This repo contains official JAX implementation of CLIPA in our paper: An Inverse Scaling Law for CLIP Training
You can download the LAION-400M dataset using the handy img2dataset tool.
We have only tested this jax implementation on Google Cloud TPU. To run this code, you have to choose tfrecord format, instead of more common webdataset format.
Since LAION-400M is not a TFDS officially supported dataset, for your convenience, we provide some self-implemented scripts (sorry, we know they are crudely written) for post-processing the downloaded tfrecord files here.
Download and extract ImageNet data from http://image-net.org/. This jax implementation only support reading dataset in tfrecord format.
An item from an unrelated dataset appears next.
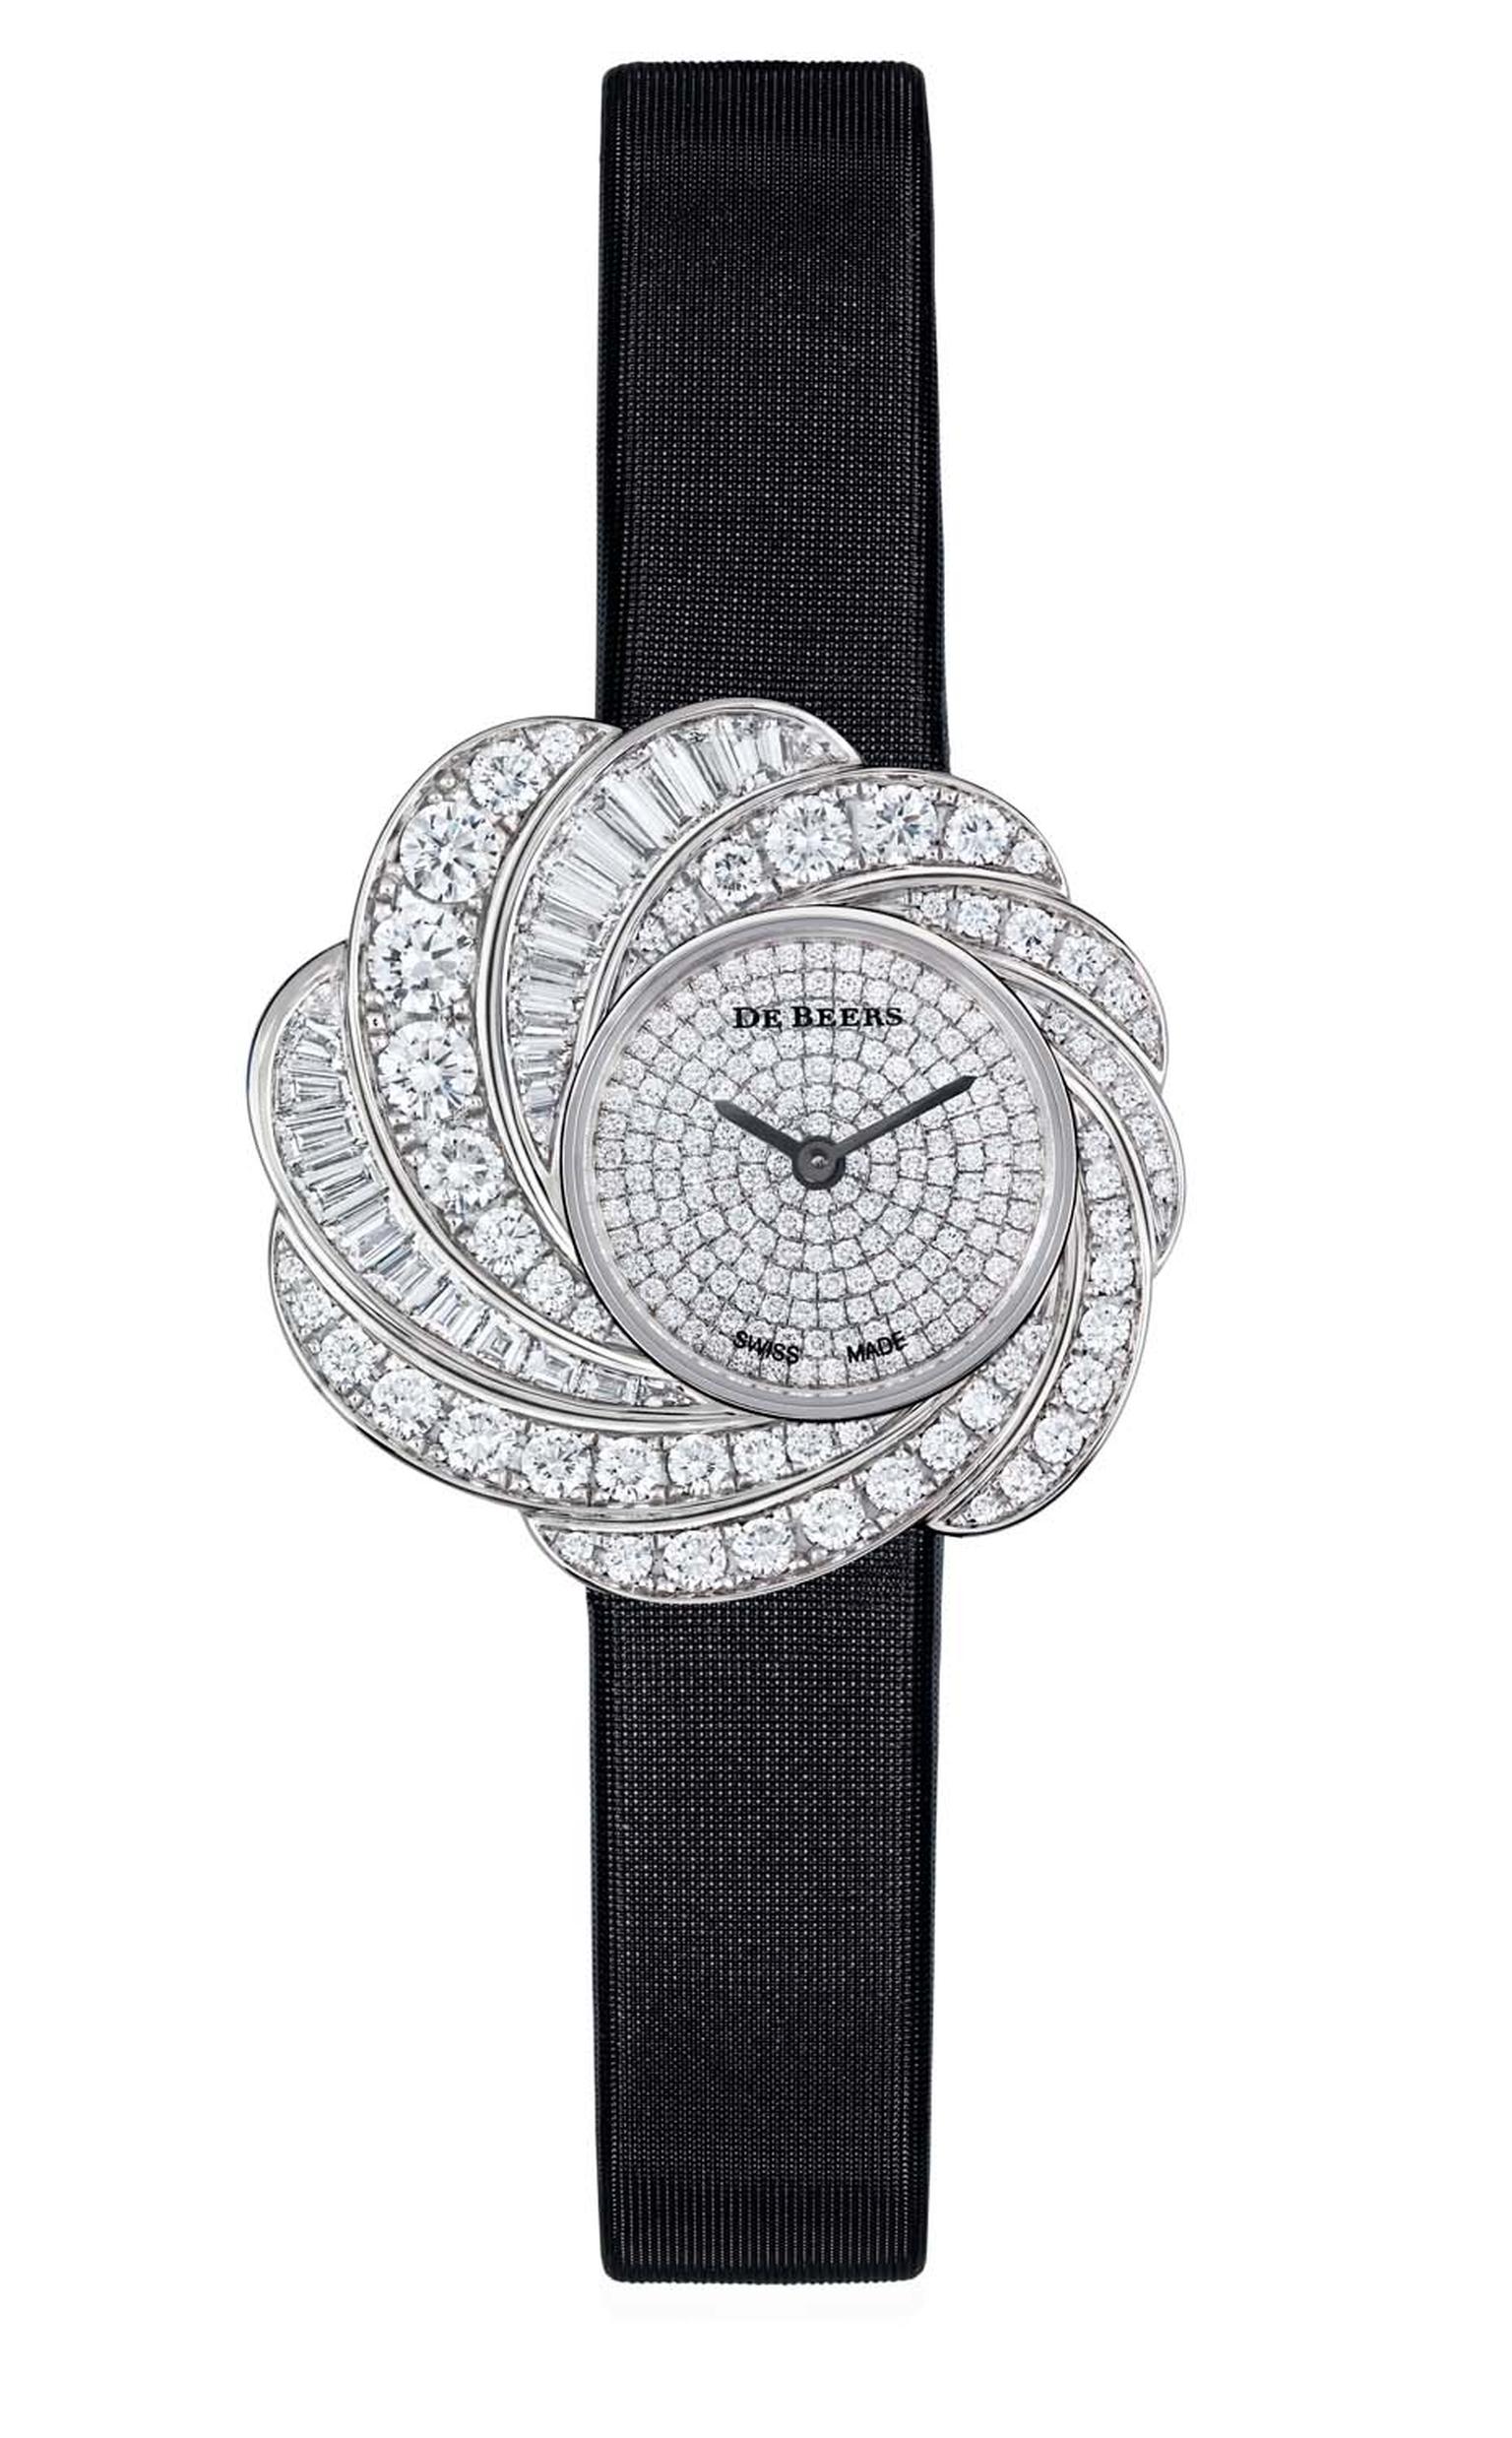 De Beers Aria diamond watch set with round brilliant and baguette-cut diamonds totalling 4.35ct in white gold, with a fully diamond paved dial and black satin strap.

Check the official doc for how to prepare the tfds dataset.
First, you need to prepare the dataset and create the TPU VM instance. Refer to TPU_USAGE for details.
The configs folder contains the detailed configuration of our model and training details.
First
cd clipa_jax
To begin with, navigate to the 'scripts/' directory and locate the three scripts set_up_env.sh, pre_training.sh and fine_tuning.sh provided. Before executing the scripts, ensure that you specify the TPU VM instance information and dataset path at the top of each file.
Next, you can upload all necessary files to your TPU VM instance and set up the required environment by running the following command:
bash scripts/set_up_env.sh
Then pre-training can be done by running:
bash scripts/pre_training.sh
After pre-training, you can fine-tune the model by running:
bash scripts/fine_tuning.sh
| Model | image | text | Data | Schedule | Top1 | weights |
|---|---|---|---|---|---|---|
| H-14 | 70 | 8 | LAION-2B | 12.8B | 70.1 | weight |
| H-14 | 84 | 8 | LAION-2B | 12.8B | 72.1 | weight |
| L-14 | 84 | 8 | DataCOMP-1B | 12.8B | 72.7 | weight |
| H-14 | 84 | 8 | DataCOMP-1B | 12.8B | 75.6 | weight |
| G-14 | 84 | 8 | DataCOMP-1B | 12.8B | 78.5 | weight |
| data | Schedule | GPU Hours | Estimated Cost | zero-shot IN-1K | model weight | |
|---|---|---|---|---|---|---|
| H/14 | LAION-2B | 12.8B@84 + 512M@224 | 7776 | $12247 | 78.6 | download |
| H/14 | LAION-2B | 12.8B@84 + 512M@224 + 128M@336 | 8640 | $13616 | 79.1 | download |
| L/14 | DataCOMP-1B | 12.8B@84 + 512M@224 | 4008 | $6318 | 79.7 | download |
| L/14 | DataCOMP-1B | 12.8B@84 + 512M@224 + 128M@336 | 4520 | $7124 | 80.3 | download |
| H/14 | DataCOMP-1B | 12.8B@70 + 512M@224 | 5920 | $9324 | 81.1 | download |
| H/14 | DataCOMP-1B | 12.8B@84 + 512M@224 | 7776 | $12247 | 81.5 | download |
| H/14 | DataCOMP-1B | 12.8B@84 + 512M@224 + 128M@336 | 8640 | $13616 | 81.8 | download |
| G/14 | DataCOMP-1B | 12.8B@84 + 512M@224 | 21,998 | $34,646 | 82.5 | download |
| G/14 | DataCOMP-1B | 12.8B@84 + 512M@224 + 128M@336 | 23742 | $39056 | 83.0 | download |
Our CLIPA-v2’s GPU hour is estimated using an 8-A100 80GB GPU machine on Google Cloud. The corresponding training cost is estimated based on 80GB A100’s cloud pricing.